Keeping alive hopes of a potential resolution in debt-laden infrastructure company Lanco Infratech’s insolvency case, Hyderabad bench of National Company Law Tribunal (NCLT) on Friday extended the time to facilitate the Committee of Creditors (CoC) to examine a revised resolution plan submitted just a day before the expiry of 270-day period set by Tamilnadu-based Thriveni Earth Movers Limited (TEPL).
The judge has extended the time of Corporate Insolvency Resolution Process (CIRP) of Lanco by 16 days for this purpose.
Hearing a bunch of interim applications earlier in the day, judge Ratakonda Murali announced that he would exclude certain days from the expired 270-day period in order to grant additional time to the CoC to take a view on the modified resolution plan.
“Here is a case where only one Resolution Plan was found to be in conformity with the provisions of the Code and CIRP Regulations…Though it was rejected, yet, Resolution Applicant/TEPL re-submitted the plan to the resolution professional (RP) for placing before the CoC. However, CoC could not take a decision either way on the revised resolution plan due to lack of sufficient time. Therefore, it is a fit case to exclude the period during which the Resolution Plan was being submitted from time to time,” the judge stated in a written order uploaded on the NCLT website later in the day.
The practice of exclusion of a particular duration in order to give more time for CIRP beyond 270 days has been adopted by the NCLT benches on various valid grounds. In this case the judge excluded the time taken between submission of the original proposal and subsequent clarifications furnished by the applicant to allow the CoC to examine the revised plan.
It may be recalled that the CoC had refused to examine a revised resolution plan submitted on May 3 by Thriveni Earth Movers, stating that it wasn’t given sufficient time to look at the proposal. As the matter was referred back to the NCLT by the RP and was pending before the Hyderabad bench ever since, the process of Lanco’s insolvency resolution remained just where it was two months ago.
“As a result, Application is allowed by excluding 16 days for the purpose of counting period of CIRP and thereby allowing the RP/CoC with immediate effect from today to complete the CIRP and further direct the resolution professional to place the revised resolution plan filed by TEPL before the CoC… it is directed to take appropriate decision on the revised plan within the period allowed. The resolution professional is to discharge his functions as usual during this period,” the judge said while setting the ball rolling once again in Lanco insolvency resolution case.
Stating that he would be issuing a detailed order in favour of the extension and see how the CoC would respond, the judge also asked the counsel of Vijayawada-based Power Mech Projects, which came forward to propose its own resolution plan to the CoC at this stage, to present his arguments on extension of time for CIRP again in the next hearing.

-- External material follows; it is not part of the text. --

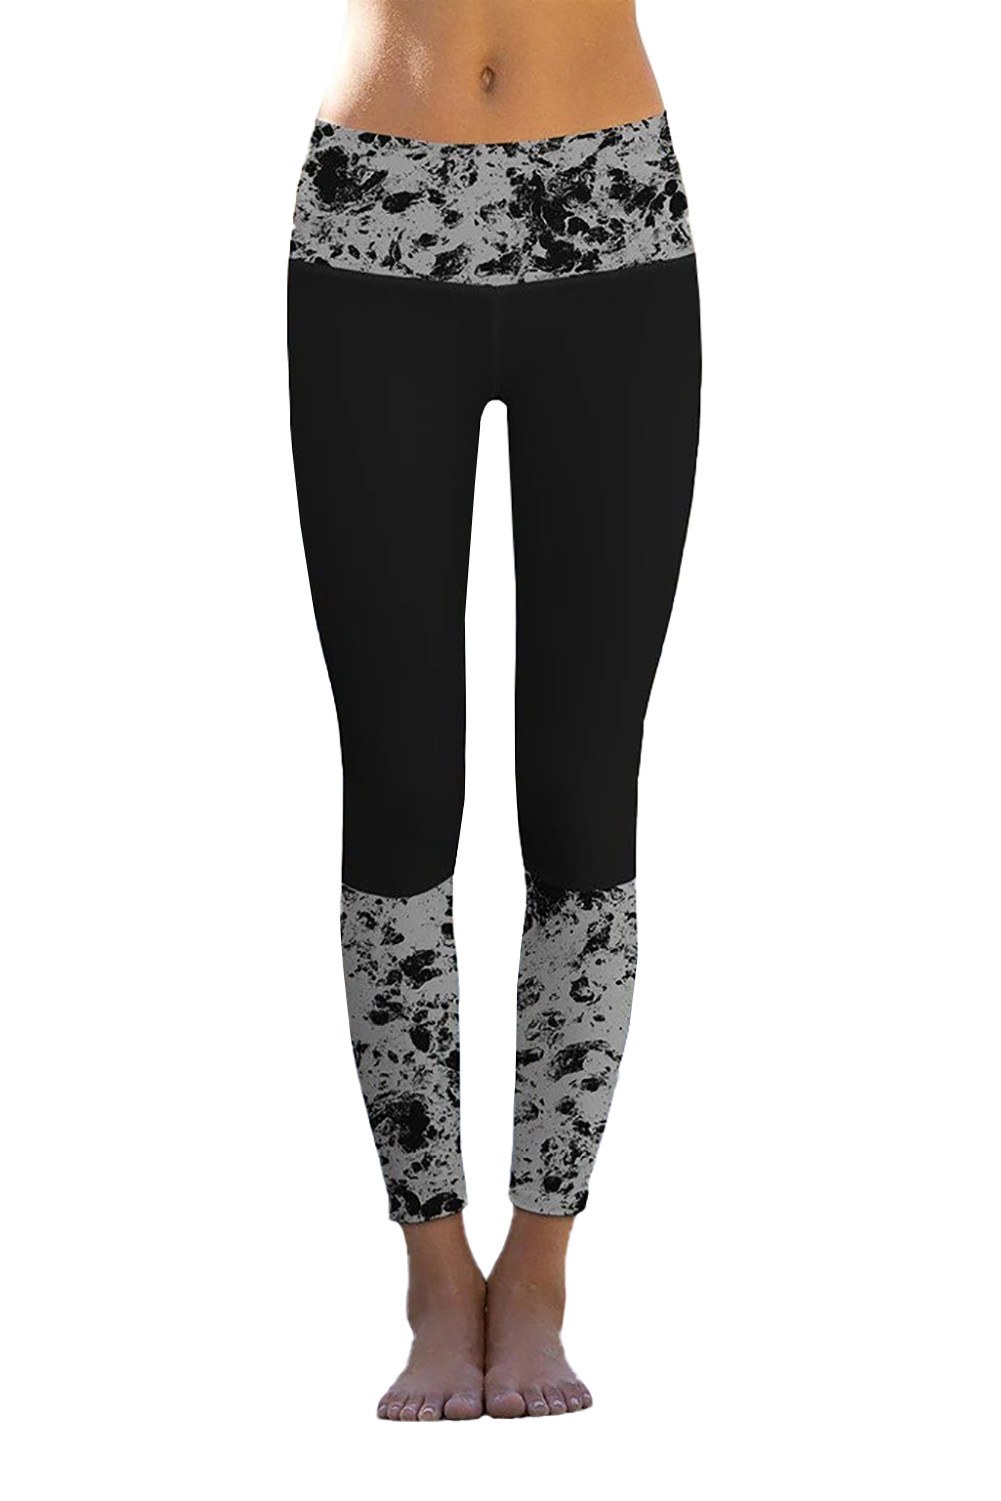 Wholesale Yoga Pants, Cheap Black Mercury Printed Details Leggings Yoga ...

On July 6, Power Mech’s counsel argued that the changes brought in by the Government through a recent Ordinance on Insolvency and Bankruptcy Code (IBC) has revisited the question of who is and who is not eligible to submit a resolution plan in a particular insolvency case and this will provide a scope for the others to reenter the Lanco insolvency resolution process. Interestingly Power Mech had sought an extension of time of 166 days to enable the RP to redo the whole process.
In June 2017 IDBI had taken Lanco Infratech, the holding company of a large power and infrastructure group comprising of dozens of subsidiaries sitting on a combined debt of Rs 500 billion, to NCLT under section 7 of IBC, 2016. Lanco had figured in the first list of a dozen large corporate defaulters that the RBI wanted the banks to initiate an early resolution.